Tsukuba Multiview Image Database
- TSUKUBA STEREO -
February 17, 1995
Multiview Image Database for Computer Vision Research
Yuichi Ohta and Yuichi Nakamura
Computer Vision and Image Media Laboratory
University of Tsukuba, Tsukuba, 305-8577, Ibaraki, JAPAN
1 Purpose
Computer Vision technologies will be essential to realize a high performance 3D image media. For the purpose, however, we need faster and more reliable algorithms which can produce more precise 3D information. The usage of multiview images will be the most practical way to achieve such algorithms. However, the acquisition of images observed from spatial and temporal multiple viewpoints requires special and expensive devices. This difficulty in the data acquisition may disturb the active research in the direction.

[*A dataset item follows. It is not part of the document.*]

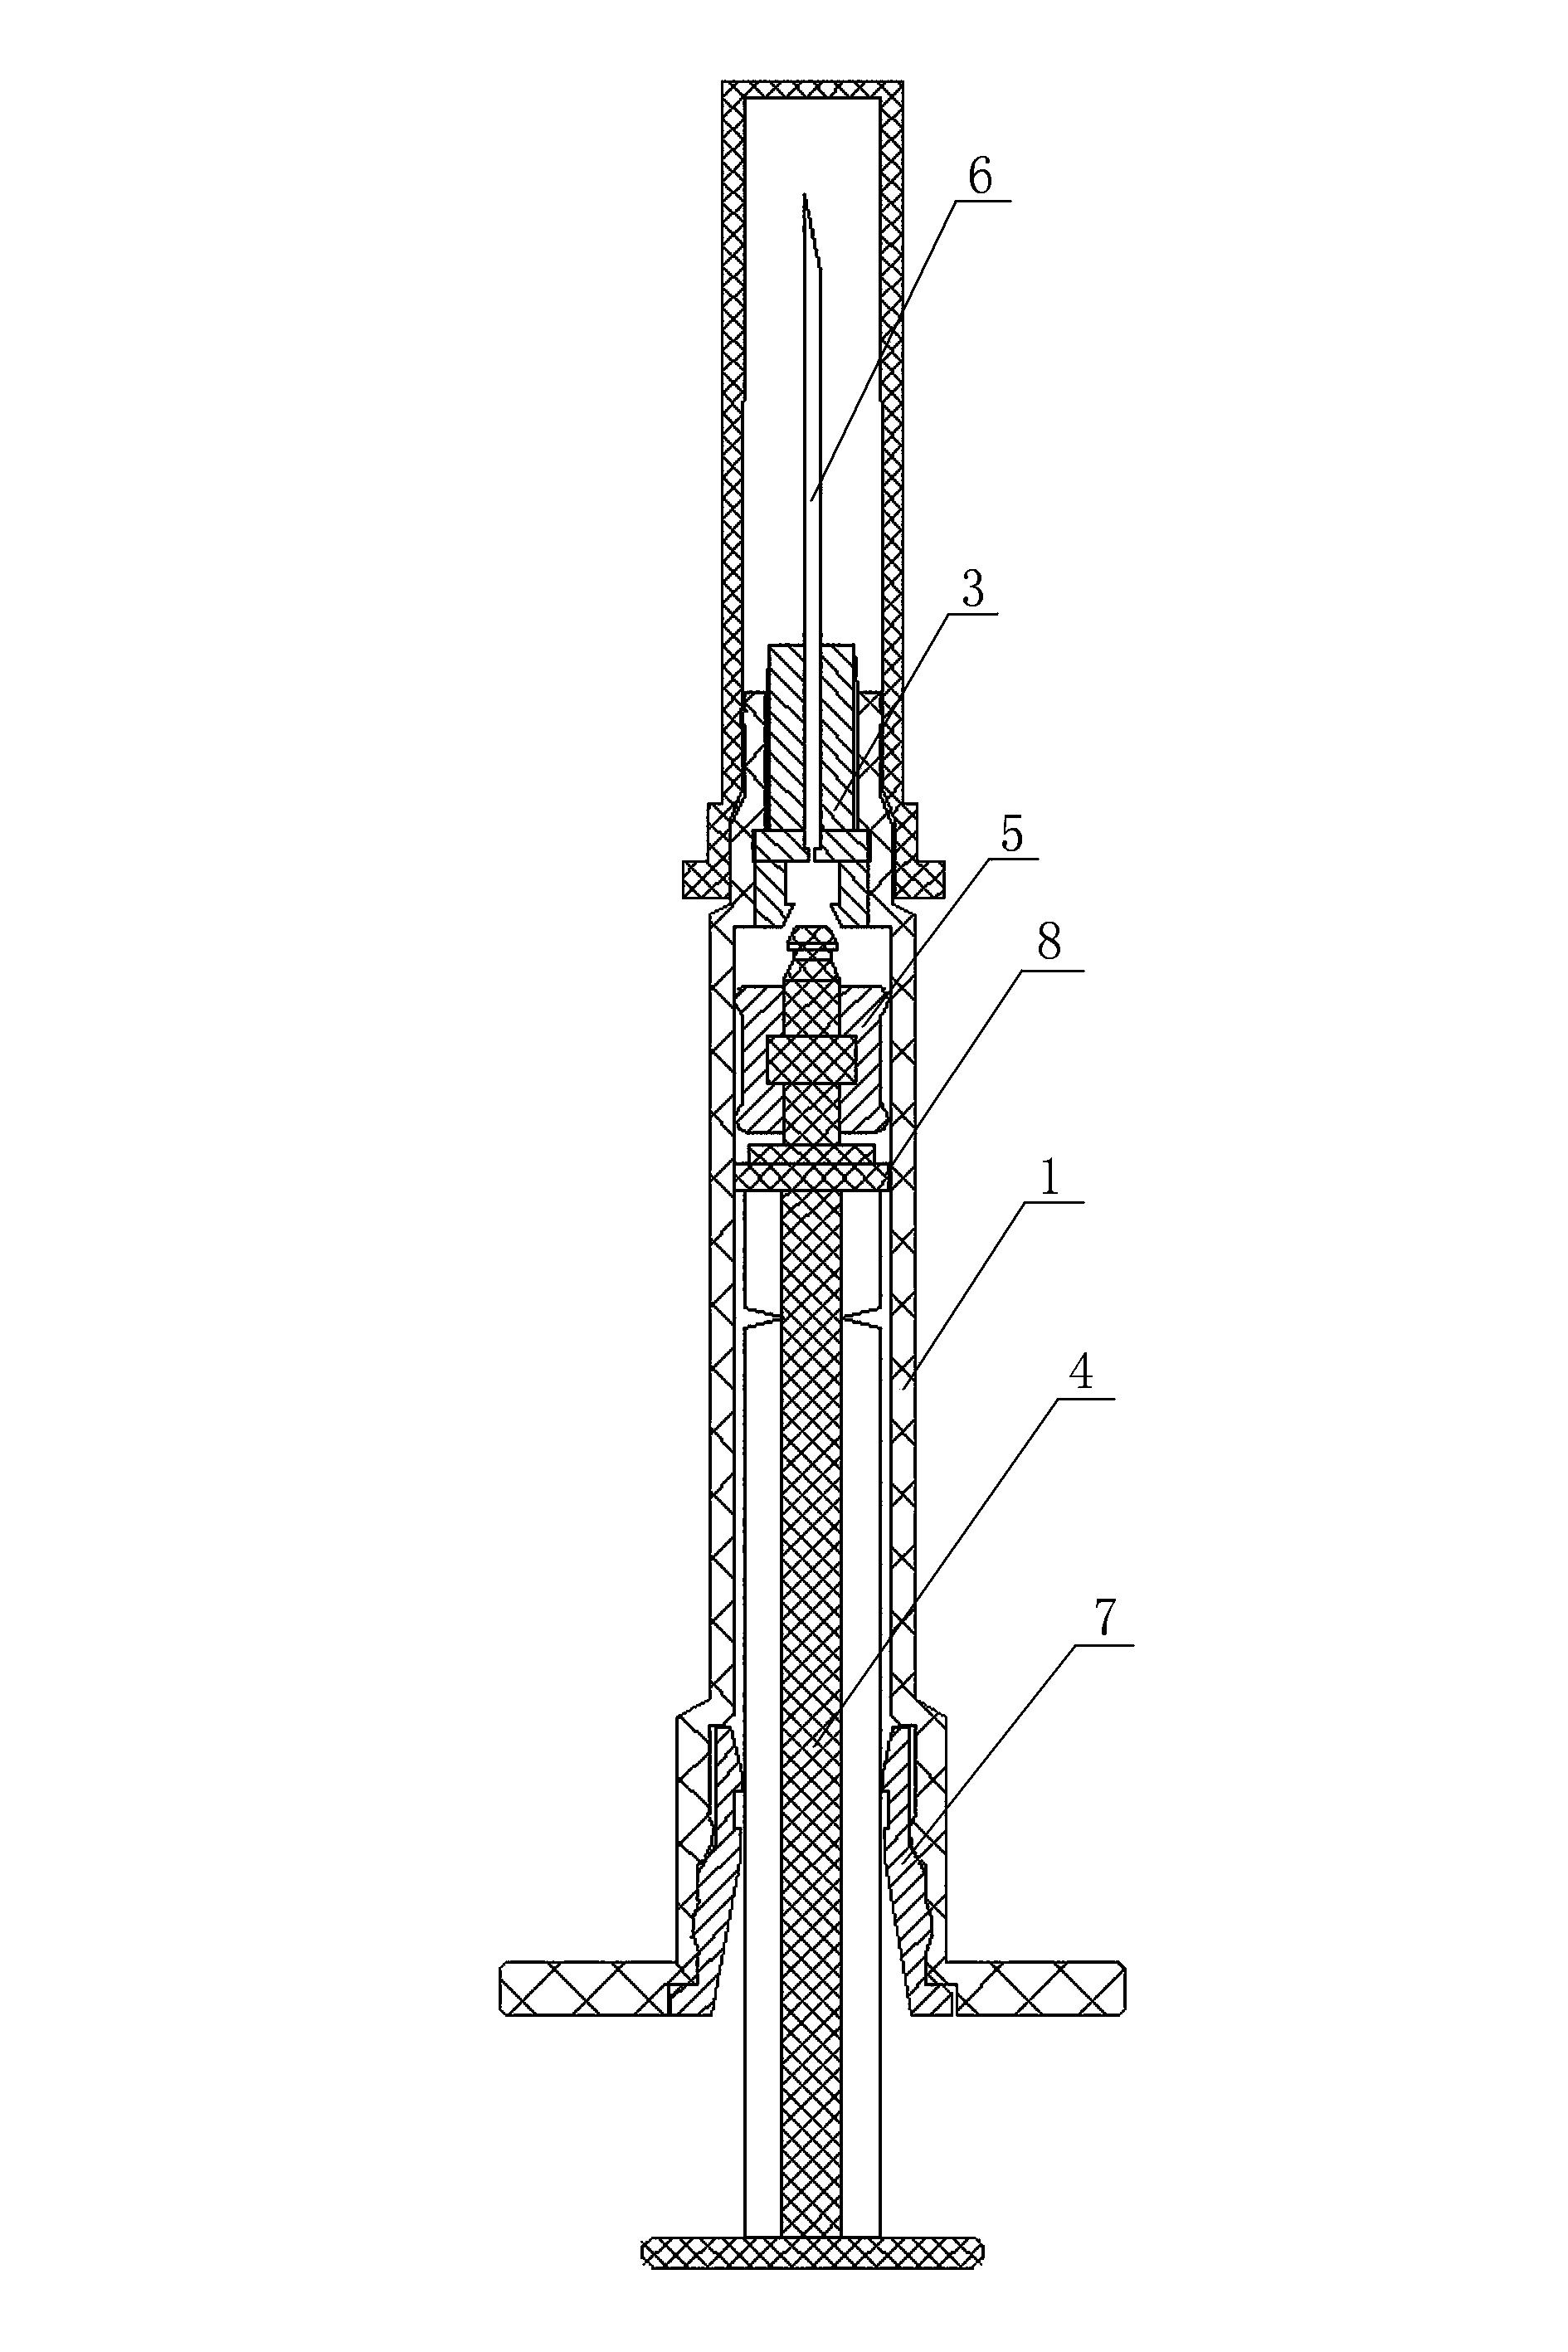 Core rod locking-type safety syringe

We have developed this "Multiview Image Database" as a common and standard database which can be used for many researchers to promote the computer vision research using multiple view images.
The development of this database was partially supported by the Ministry of Education, Science and Culture in Japan. The project was directed by Prof. Yuichi Ohta under the title "Development of Digital Image Database for Computer Vision Research". Several researchers in University of Tsukuba including Dr. Yuichi Nakamura have joined the project.

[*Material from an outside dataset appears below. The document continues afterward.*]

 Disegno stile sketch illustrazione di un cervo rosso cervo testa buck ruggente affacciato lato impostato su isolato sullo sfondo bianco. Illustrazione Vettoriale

The image acquisition and data organization process was performed by the contribution of graduate students of the Computer Vision and Image Media Laboratory at University of Tsukuba. Their names are as follows;
Volume 1: Kiyohide Satoh, Yasuhiro Mukaigawa, Itaru Kitahara
Volume 2: Takeshi Kurata, Kwang-ho Yang, Masashi Nishitani, Yukiyo Uehori
The CD-ROM package was designed by Toshikazu Miki, a graduate student of art, and the diorama used as an object was created by Tamako Takahashi, a undergraduate student of architecture.
2 Copyright
The copyright of this database is reserved by Yuichi Ohta and Yuichi Nakamura. The use of this database is restricted to those who agree with the following three usage restrictions.
1. The use of this database is limited to non-profit purposes.
2. Whenever the result of a research which was done by using this database is published, the author should indicate the credit for "University of Tsukuba, Multiview Image Database" in the article.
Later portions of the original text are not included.